Le premier terrain support de ce doctorat est la Guadeloupe. Mon parcours m’a en effet amené à travailler pendant quatre ans sur ce territoire, dans le cadre d’un projet de partenariat Recherche-Formation-Développement portant sur la conception et l’optimisation de systèmes intégrés de type polyculture-élevage (Stark et al., 2010a). Dans ce cadre, j’ai été amené à collaborer étroitement avec l’Unité de Recherches Zootechniques (URZ) du Centre INRA Antilles-Guyane. De cette collaboration est né ce projet de thèse. Les travaux réalisés dans le cadre de cette thèse s’appuient ainsi sur les travaux menés précédemment en Guadeloupe (Stark et al., 2010b; 2012), dans la continuité des questionnements scientifiques qui ont pu en émerger.

Le second terrain, l’Amazonie brésilienne, a été retenu pour deux raisons principales: d’une part l’importance grandissante de la question de l’intégration agriculture-élevage au sein des formes d’agricultures familiales comme solution pour en améliorer les performances dans cette région du monde (Bendahan, 2015); et d’autre part dans le cadre d’un dispositif de recherche et d’enseignement en partenariat portant sur les forêts, les agricultures et les territoires en Amazonie (DP Amazonie) du CIRAD, au sein duquel l’UMR SELMET est partenaire. Dans ce cadre, l’UMR SELMET collabore depuis longtemps avec les partenaires brésiliens que sont l’EMBRAPA et l’UFPa (projets de recherche, échanges d’étudiants de Master, encadrement de thèse, etc.). Depuis plusieurs années, plusieurs travaux de recherche se développent sur la commune de Paragominas (Pará), présentant dès lors une zone d’étude appropriée pour y mener à bien ces travaux de recherche.

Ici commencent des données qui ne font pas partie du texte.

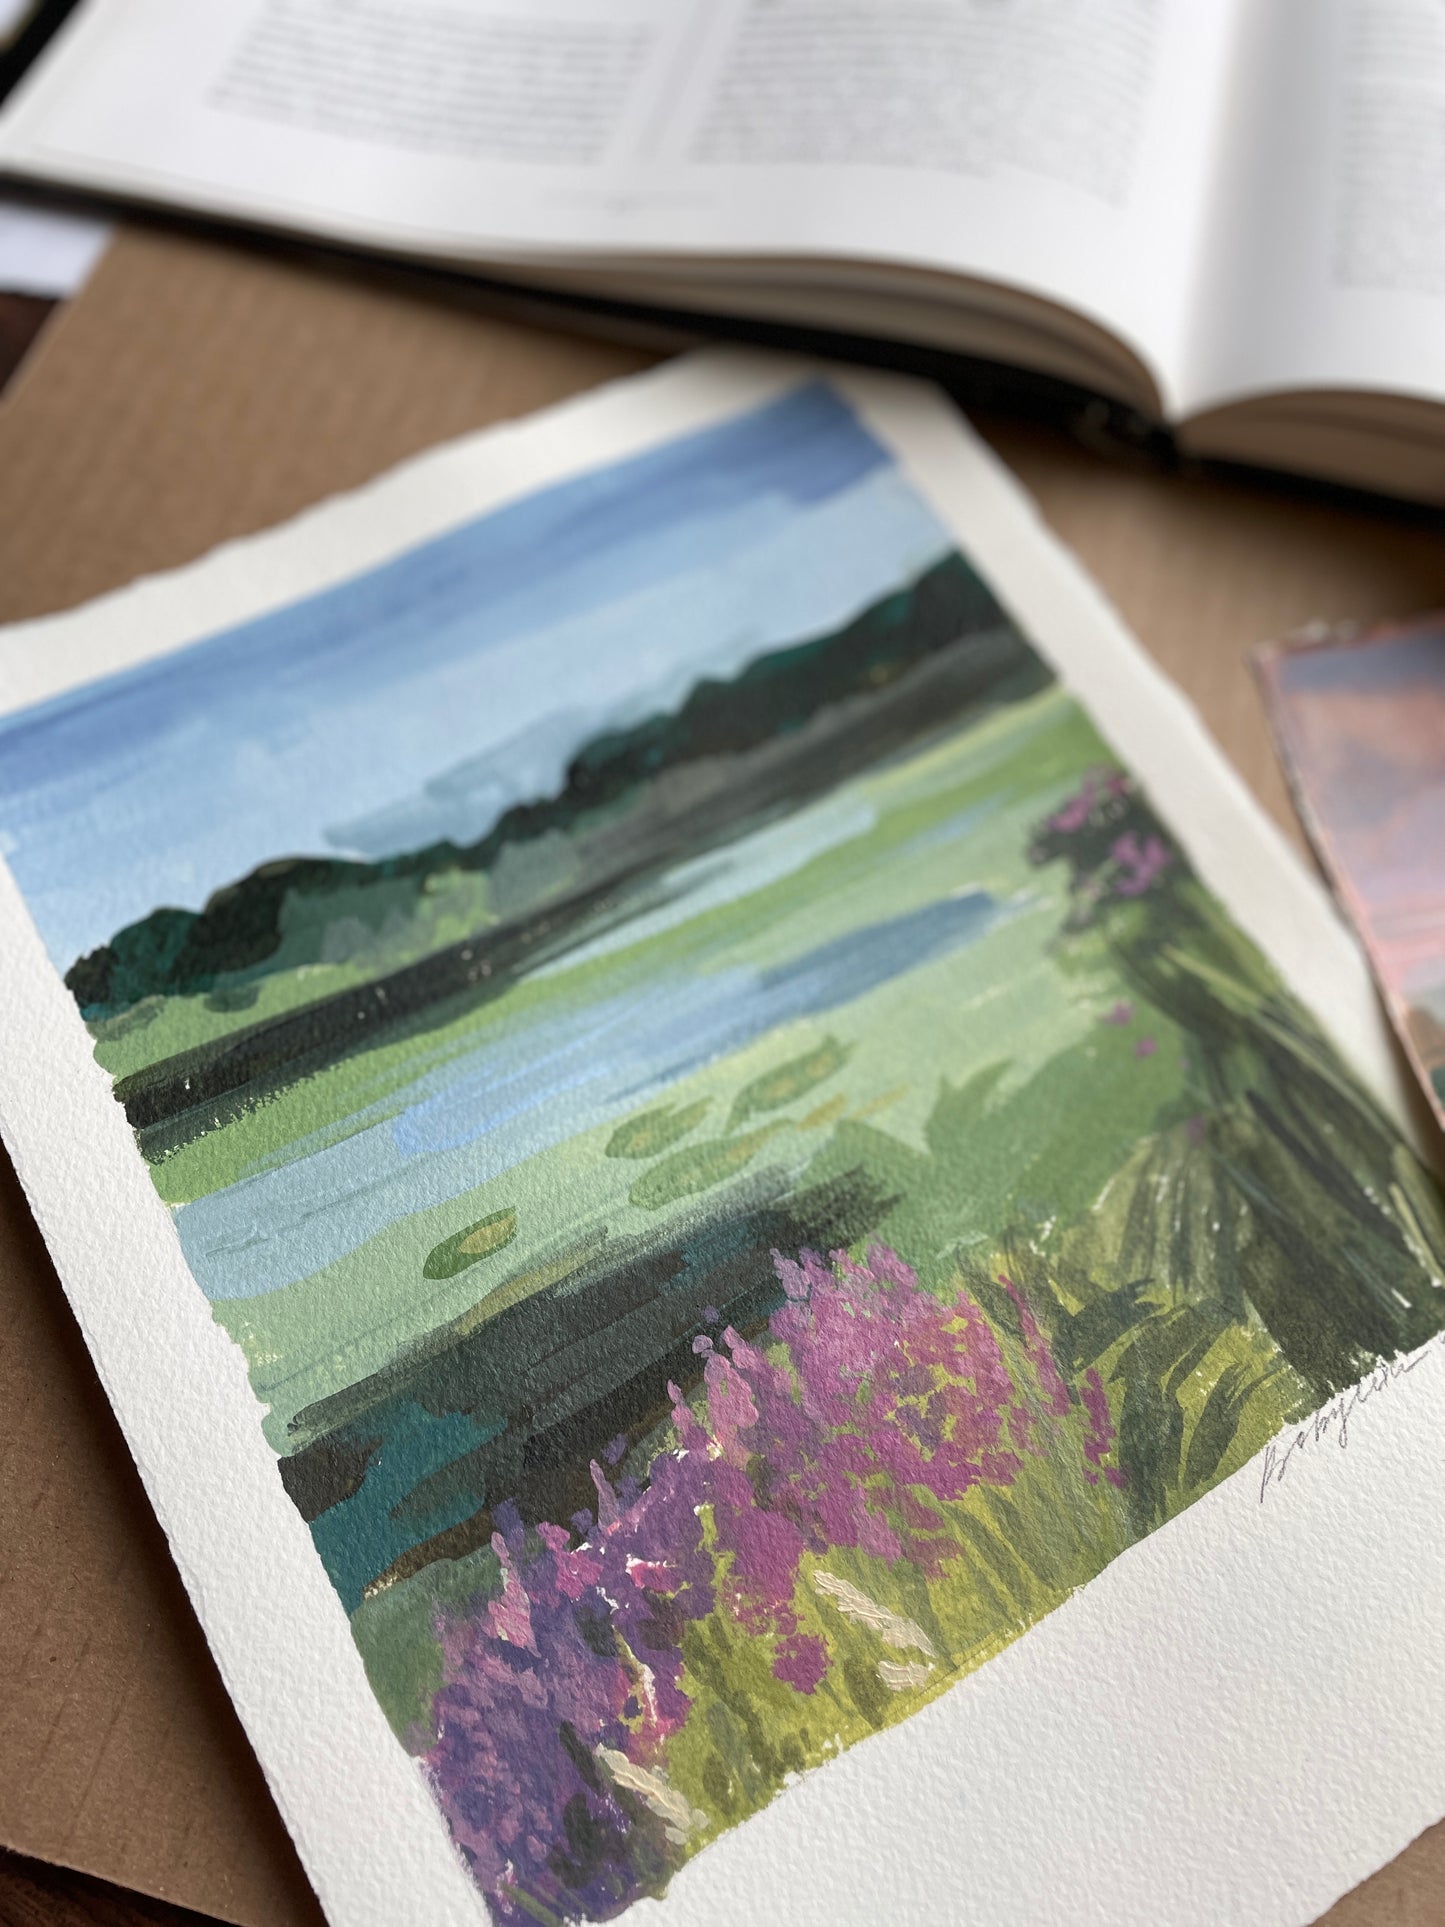 Lake landscape. Painting on paper.

Le troisième terrain, Cuba, est le dernier terrain à avoir été intégré à ce dispositif de recherche. Tout en restant dans la même région du monde (région latino-caribéenne), Cuba développe depuis plusieurs années une agriculture dite « agroécologique » qui s’appuie notamment sur l’intégration entre agricultures et élevages (Funes-Monzote, 2008). Il nous apparaissait pertinent de pouvoir intégrer à notre échantillon des cas d’étude où agriculture et élevage sont a priori fortement intégrés, tel que ceux présents à Cuba. Nous nous sommes dès lors rapprochés de la station expérimentale « Pastos y forrajes Indio Hatuey » (EEPFIH), située dans la province de Matanzas, avec qui, l’URZ en Guadeloupe, et mon laboratoire d’accueil, l’UMR SELMET, collaborent.